Dünyadaki Gelişmeleri ve Türkiye’ye Yansımalarını KOCAV Konferansında Değerlendirdi
KOCAV Konferanslar Dizisi dahilinde, İstanbul Üniversitesi Öğretim Üyesi Prof. Dr. Erol Manisalı 10 Nisan 2004’te “Dünyadaki Gelişmeler ve Türkiye’ye Yansımaları” konulu bir konferans verdi.
Prof. Dr. Erol Manisalı ülkemizdeki ve dünyadaki ekonomik dengeleri karşılaştırırken ülkemizde sistemin hain ürettiğinden bahsetti. Prof. Dr. Manisalı bu konuda sözlerine şu şekilde devam etti:
“Amerika’da ki sigara şirketi Türkiye’deki x şirketiyle işbirliği yapıyor. Amerikah şirket Türkiye’de sigara satarken kullandığı tütünü kendi köylüsünden temin ediyor. Bu durumda ABD şirketi kendi köylüsünü zenginleştirirken, Türkiye’deki şirket kendi köylüsünü fakirleştiriyor. Kapitalizmde iki taraf kazanmaz. Bu aynen bir futbol maçına benzer; bir taraf gol yerken diğer taraf kazanır. Büyük yabancı şirketlerin kurmuş oldukları sistem ülkemizdeki şirketleri bu sistemin bir parçası olmaya zorluyor…”

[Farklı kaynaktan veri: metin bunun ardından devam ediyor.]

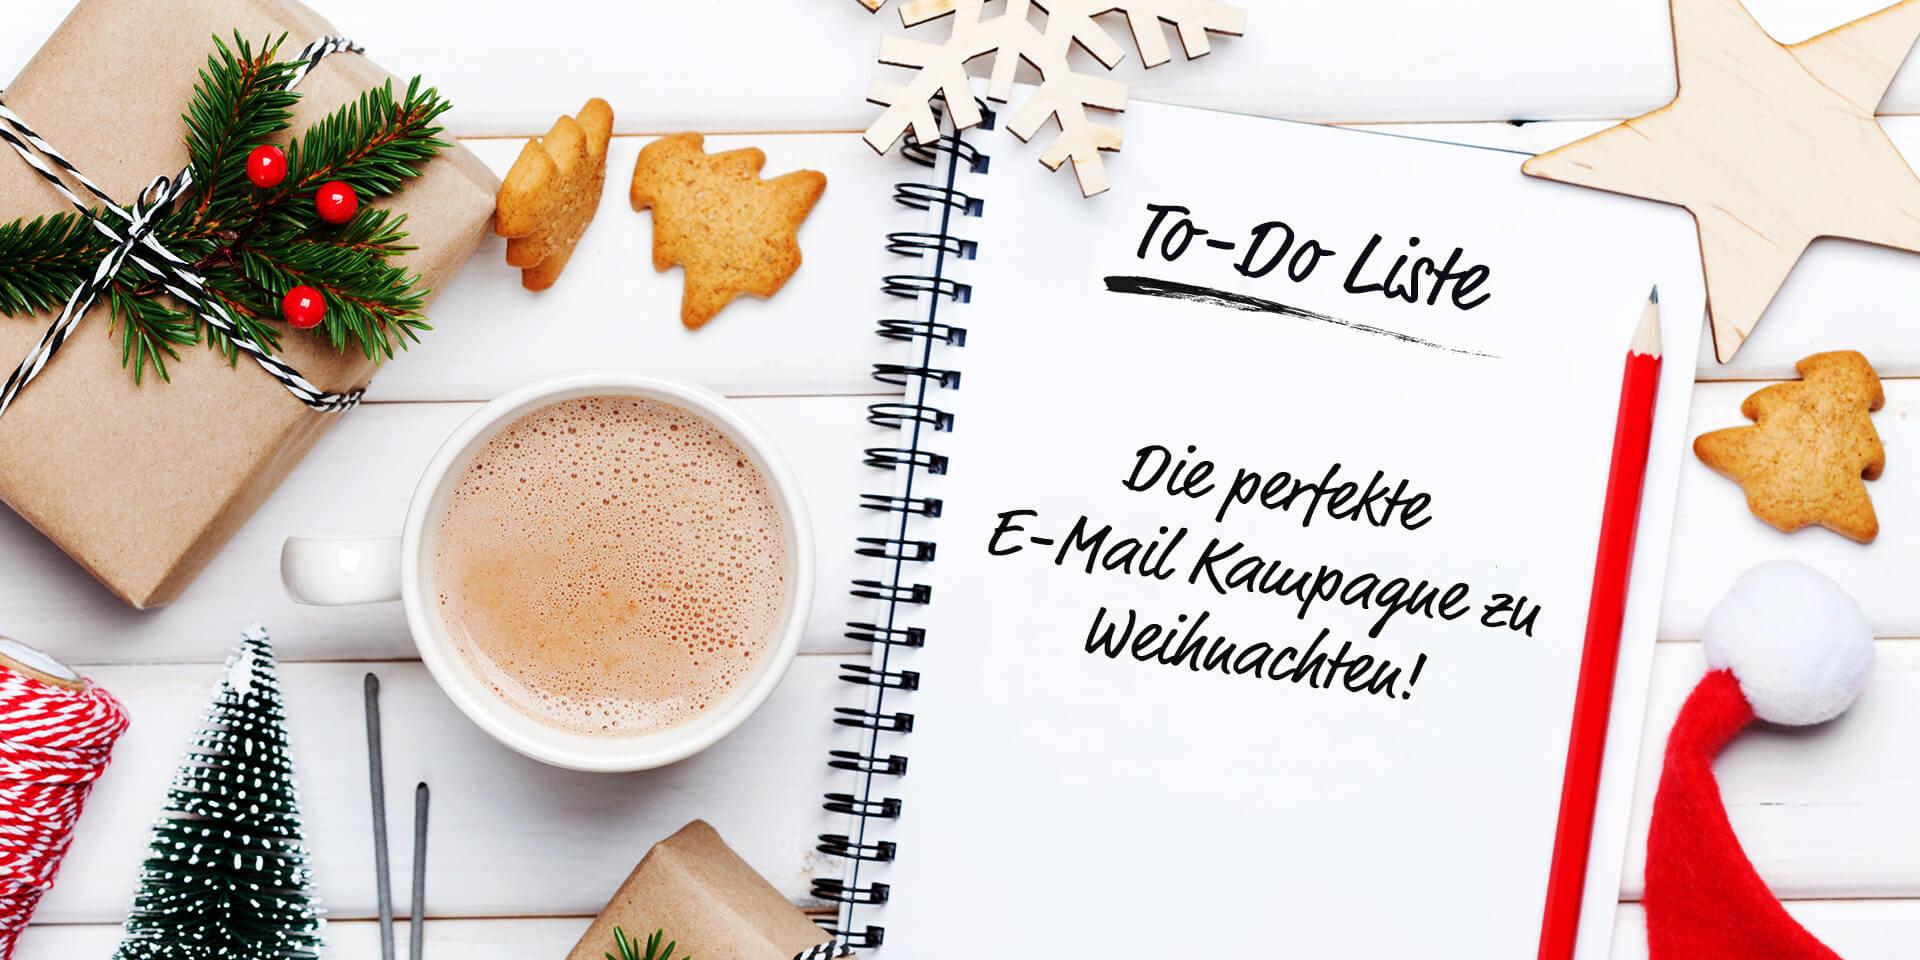 E Mail Weihnachtsgrüße Vorlagen.Clever Christmas Die Checkliste Für Die Perfekte Weihnachts

Prof. Manisalı ayrıca yerli şirketlerin kazanması için devlete yükümlülükler düştüğünü belirtti. Manisalı sözlerine şu şekilde devam etti: “ABD ihale yasalarına baktığımızda mutlaka yabancı şirketlerin kaybedeceği şekilde hazırlanmıştır. Aynı durumun bizde de olması gerekir. Devlet, kendi parasıyla yabancı şirketleri zenginleştirmemelidir. Dolayısıyla sistem hain yetiştirmektedir. Yoksa kimsenin hainlik ettiği yoktur. Sistem bozuksa yani yabancı şirketin Türkiye’deki ortağı, Türk çiftçi- sine ihanet ettiği zaman ihanet başlar, hainlik başlar. Hainlik demek, gizli belgeleri satmak değildir. Kendi insanınla beraber olmadığın zaman hainlik başlar. Bu bağlamda Prof. Dr. Manisalı toplum- sal demokrasiye değinerek; “toplumsal demokrasi olsaydı, olimpiyat stadının koltukları Fransa’dan ithal edilmezdi. TBMM koltukları ihalesinde herkes rüşveti tartıştı. Hiç kimse “Bu koltuklar İtalya’dan getirildi, neden Türkiye’den karşılanmadı demedi.” Ama Almanlar BMW fabrikası üzerine Japon arabası alacaksan git Japonya’da iş ara.’ demişlerdir. Yani sen ayakta kalmak istiyorsan o zaman kendi ürünlerini kullanmalısın. Manisalı ayrıca Batı kapitalizmine değindi. Son olarak ülkemizin menfaatlerinin korunması için toplumsal örgütlenmenin şart olduğu üzerinde özellikle durdu. Çiftçinin haklarının korunması için çiftçi örgütü şarttır ve bunun parlamentoya taşınması gerekmektedir. Bunun yanında eğitimin milli olması konusuna da değindi. En son olarak ılımlı İslâm terimini’ Batı’nın İslam ülkelerini uyutmak için kullandığı bir ifade olduğunun altını çizdi.